After recording birth orders, the researchers tested each newborns allergic status by examining indicators present in umbilical cord blood. As well, they conducted standard skin prick allergy tests at both age 4 and age 10.
The authors found that among firstborn children, the presence of a particular gene strain -- known as the IL-13 gene variant -- was associated with a higher risk for having an "allergic response." This link continued to persist a decade later.
By contrast, among second or later-born children no such association between IL-13 and higher risk was found. In fact, the role of IL-13 seemed to "switch over" to that of a risk protector.

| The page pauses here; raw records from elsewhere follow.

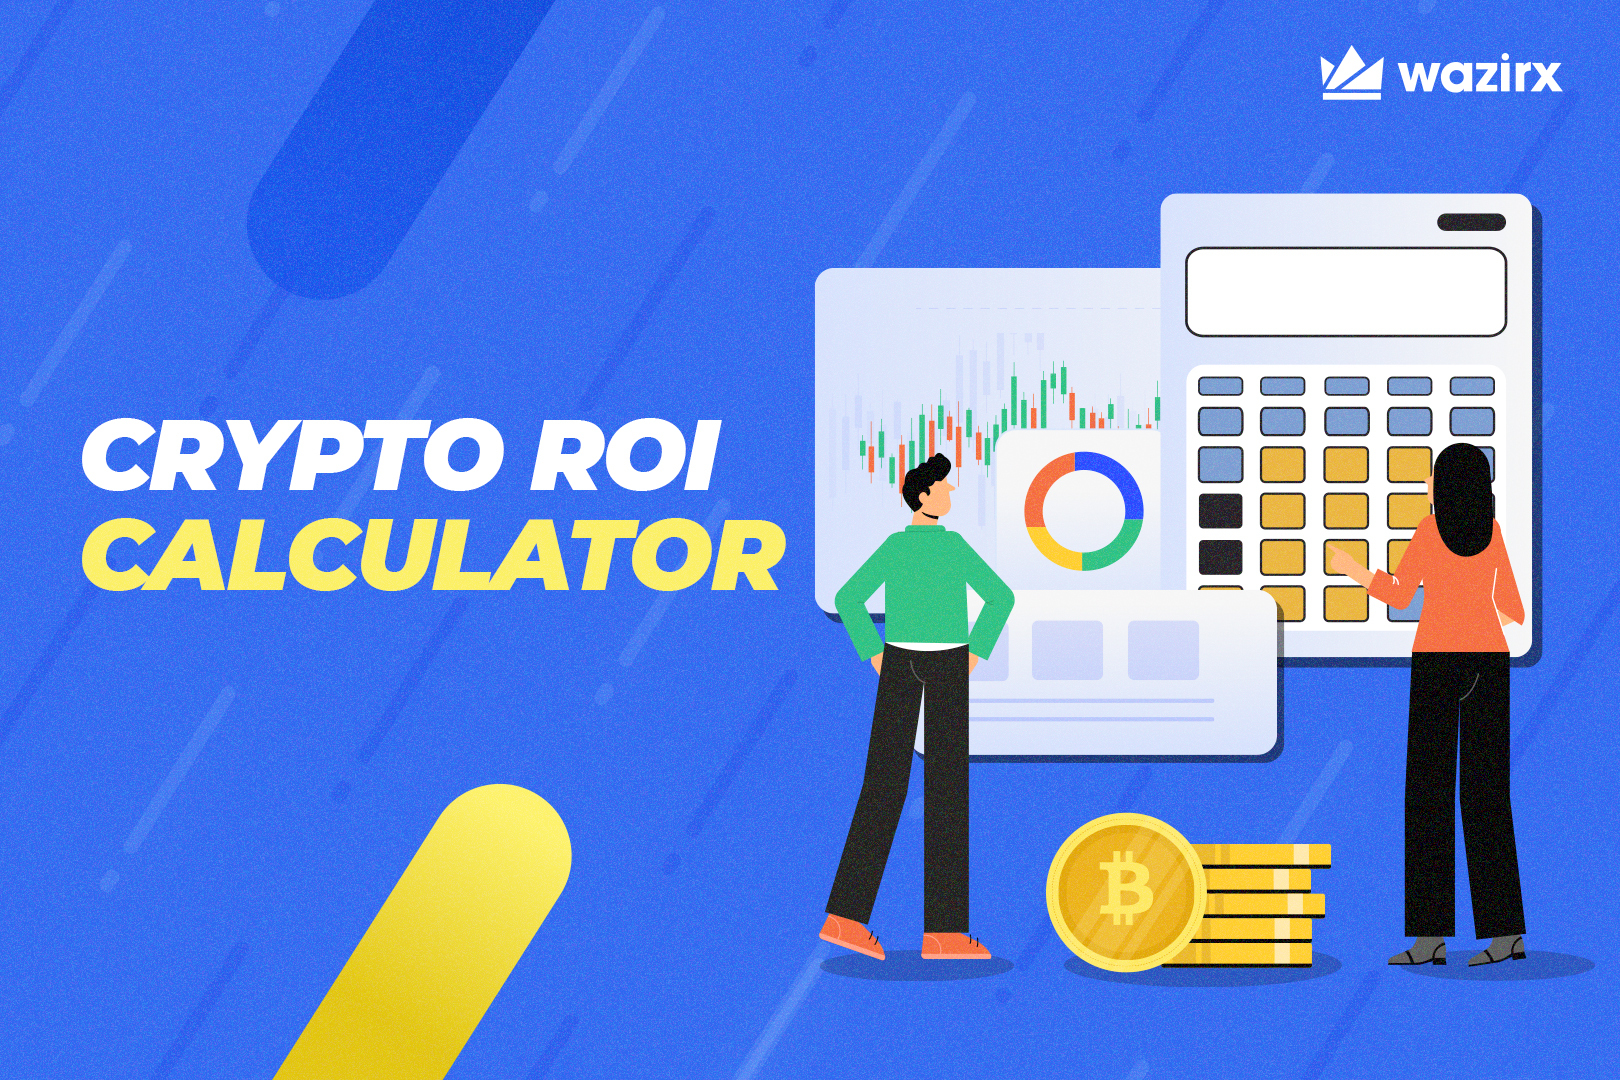 Market Cap Calculator - Coin / Token Market Cap Estimation Tool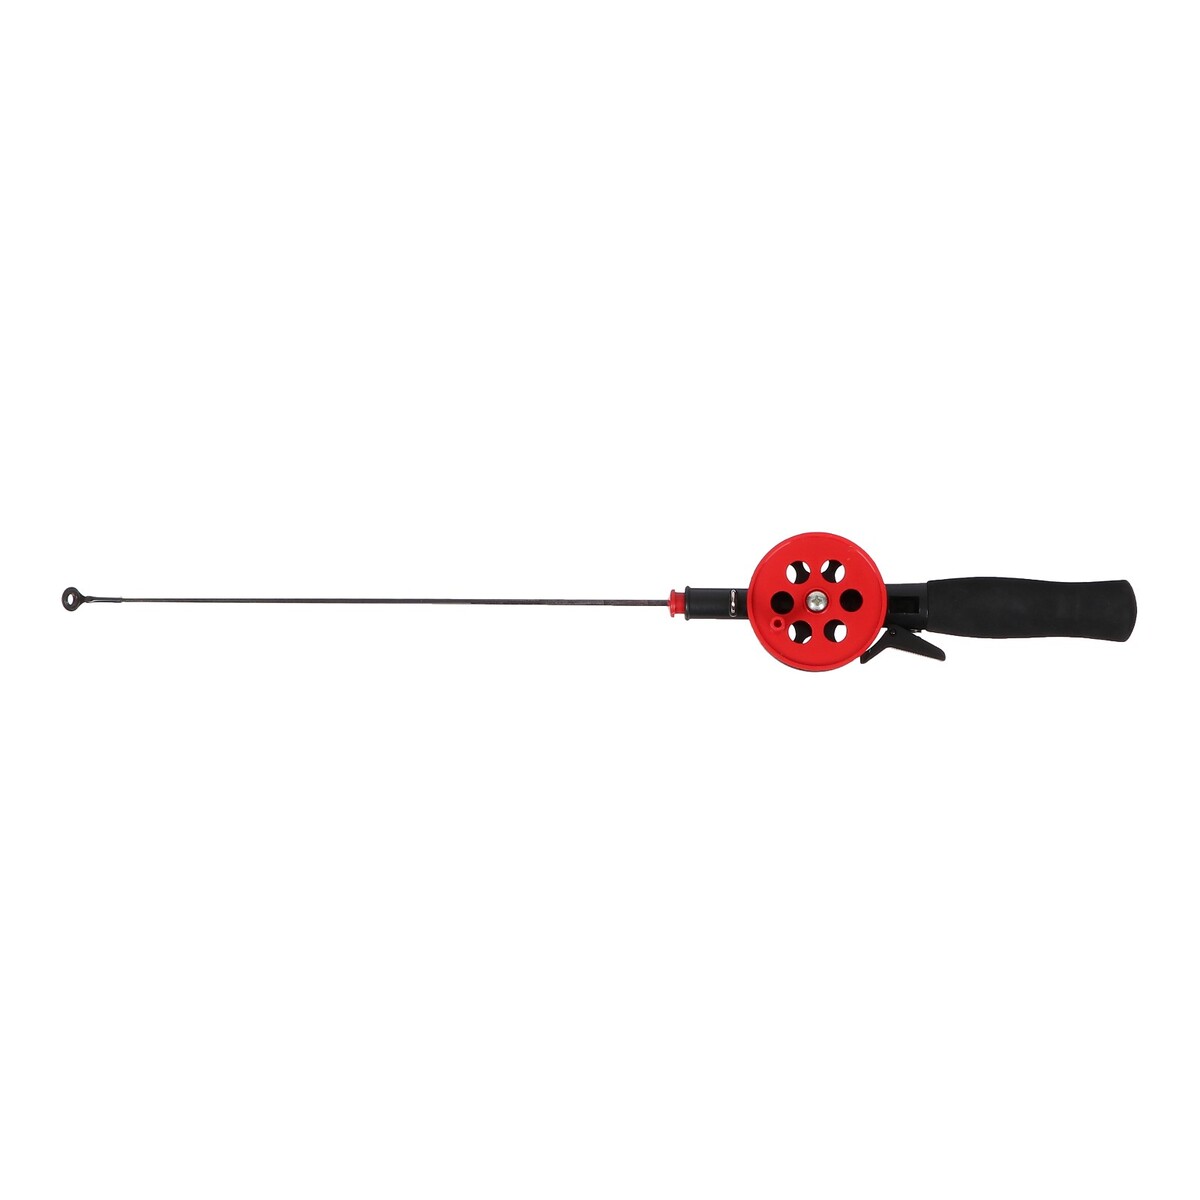 Удочка зимняя, ручка неопрен, катушка d=5.5 см, длина 42 см, цвет красный, hbf-34(1) No brand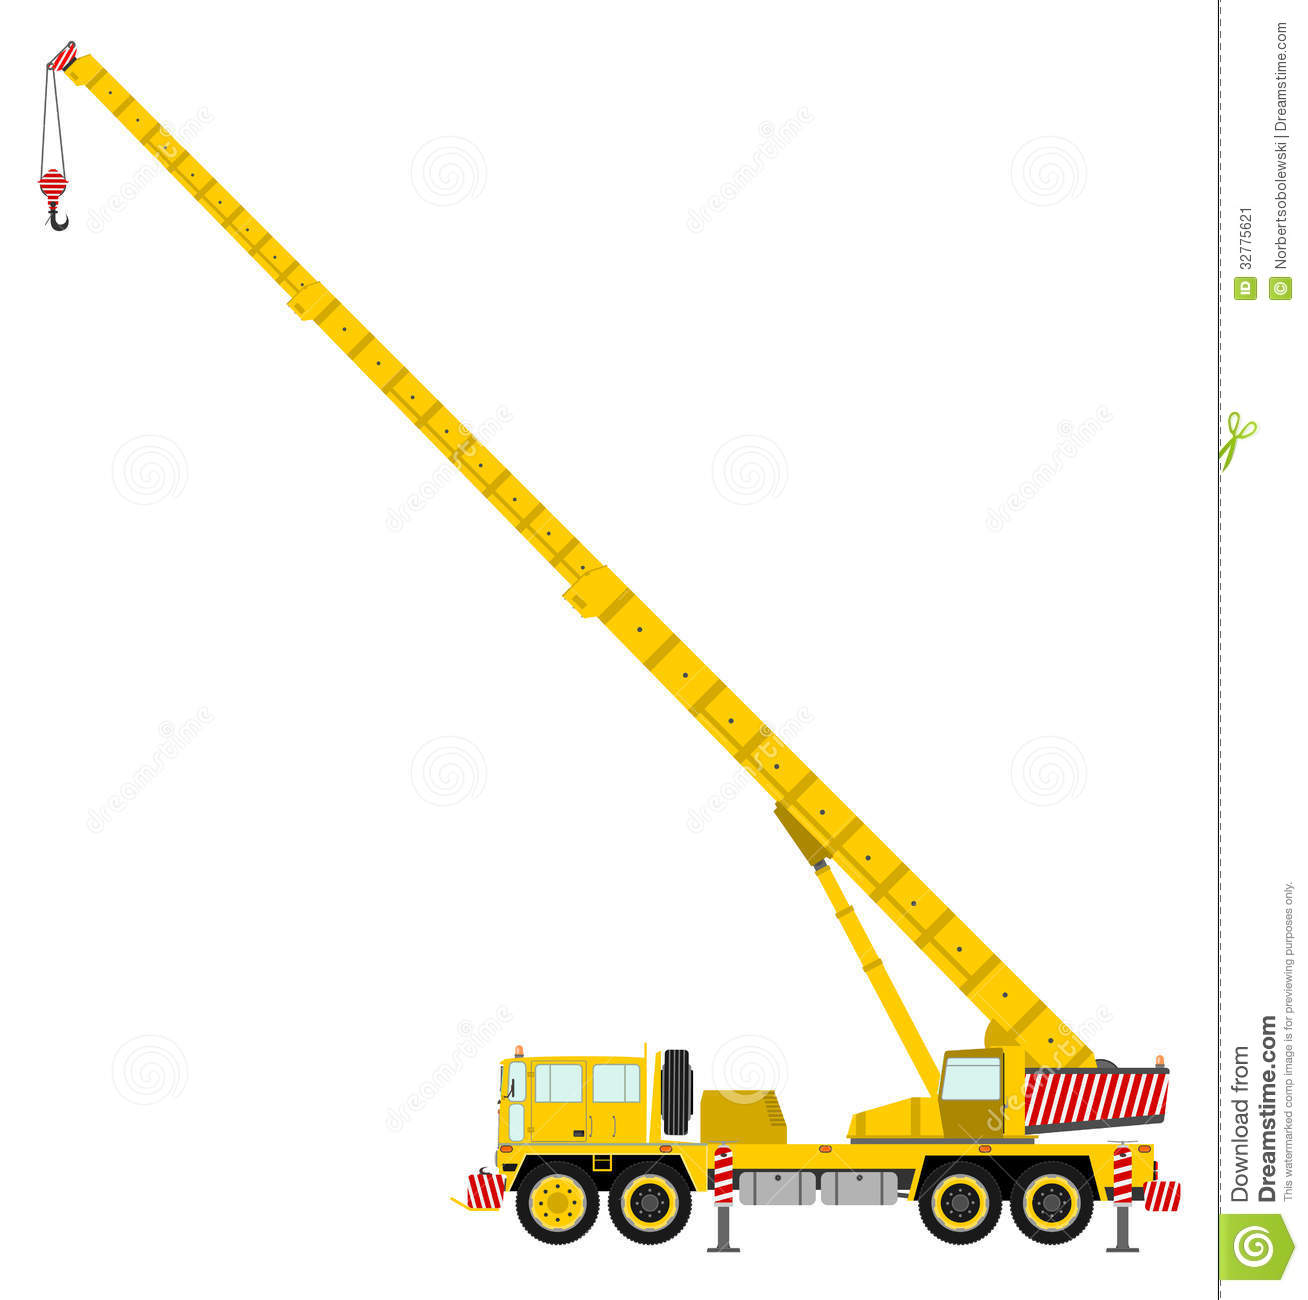 Construction crane clipart.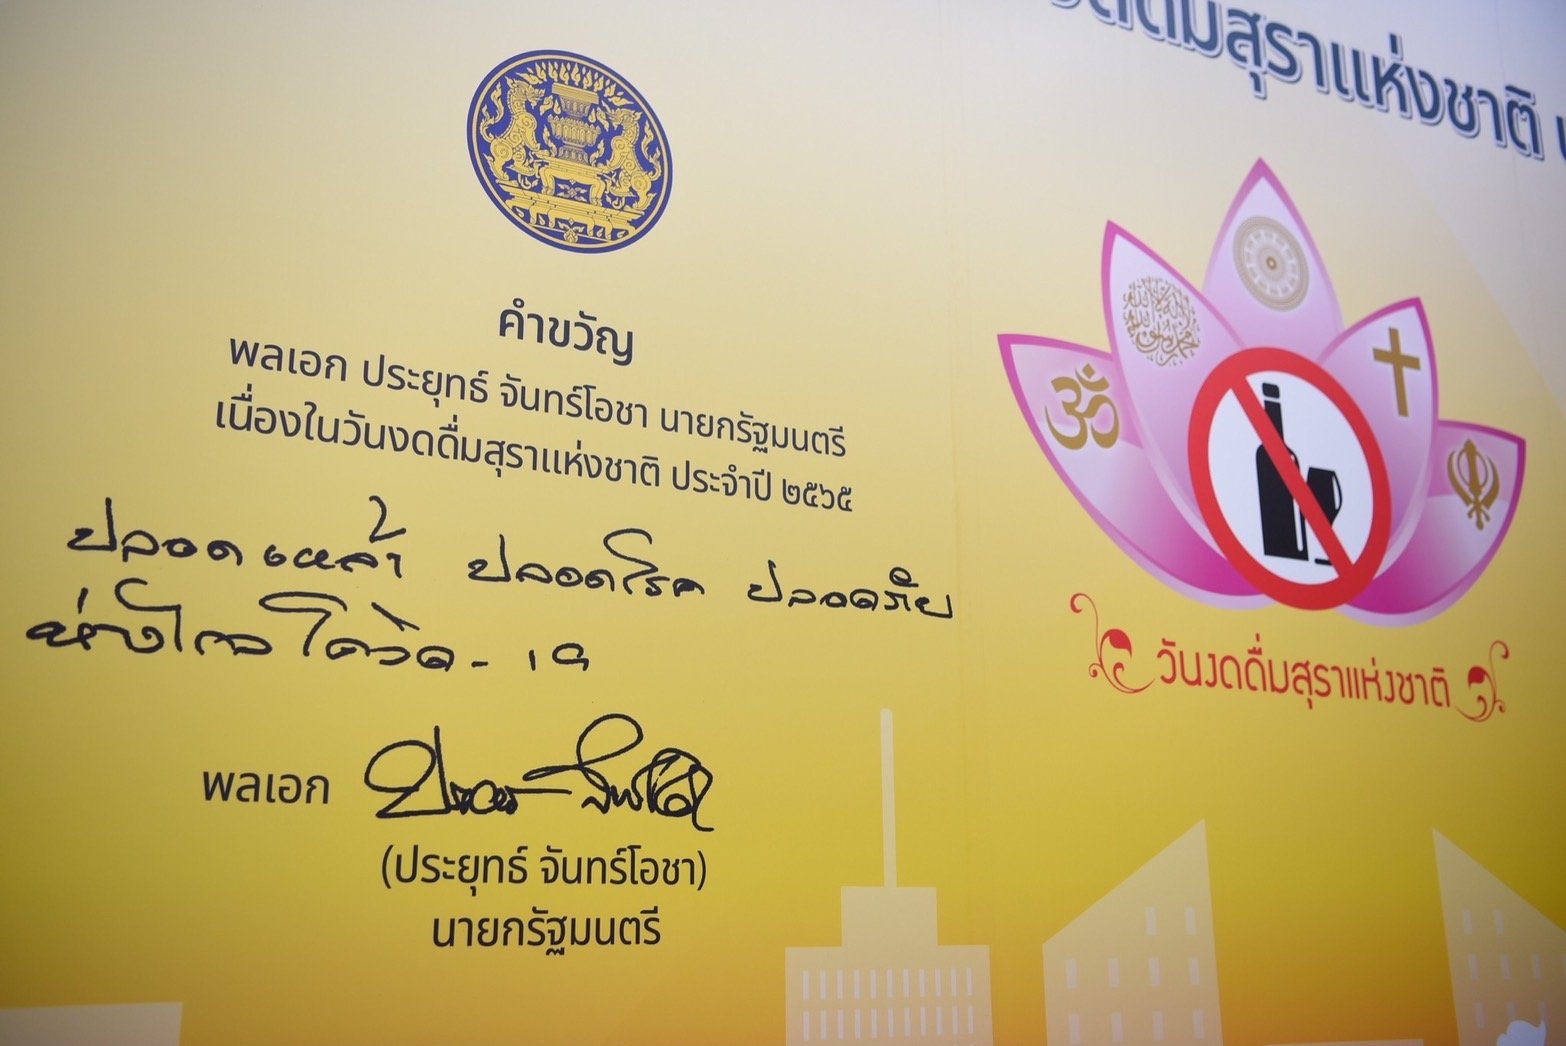 ชวนงดเหล้าเข้าพรรษา 1 ลด 3 เพิ่ม  เนื่องในวันงดดื่มสุราแห่งชาติ ปี 65 thaihealth

"The fetus is, in effect, a foreign body," noted Karmaus. "And a foreign body can be exposed to a lot of immune arousal or not, depending. So we think that something during pregnancy -- probably the immune system of the mother -- stimulates the IL-13 gene to act differently, depending on birth order. We haven't shown how this works yet, but that's the idea."
Karmaus suggested that the finding could theoretically lead to the crafting of interventions -- perhaps therapeutic, perhaps simply lifestyle changes -- which could reduce the allergic response risk for firstborns.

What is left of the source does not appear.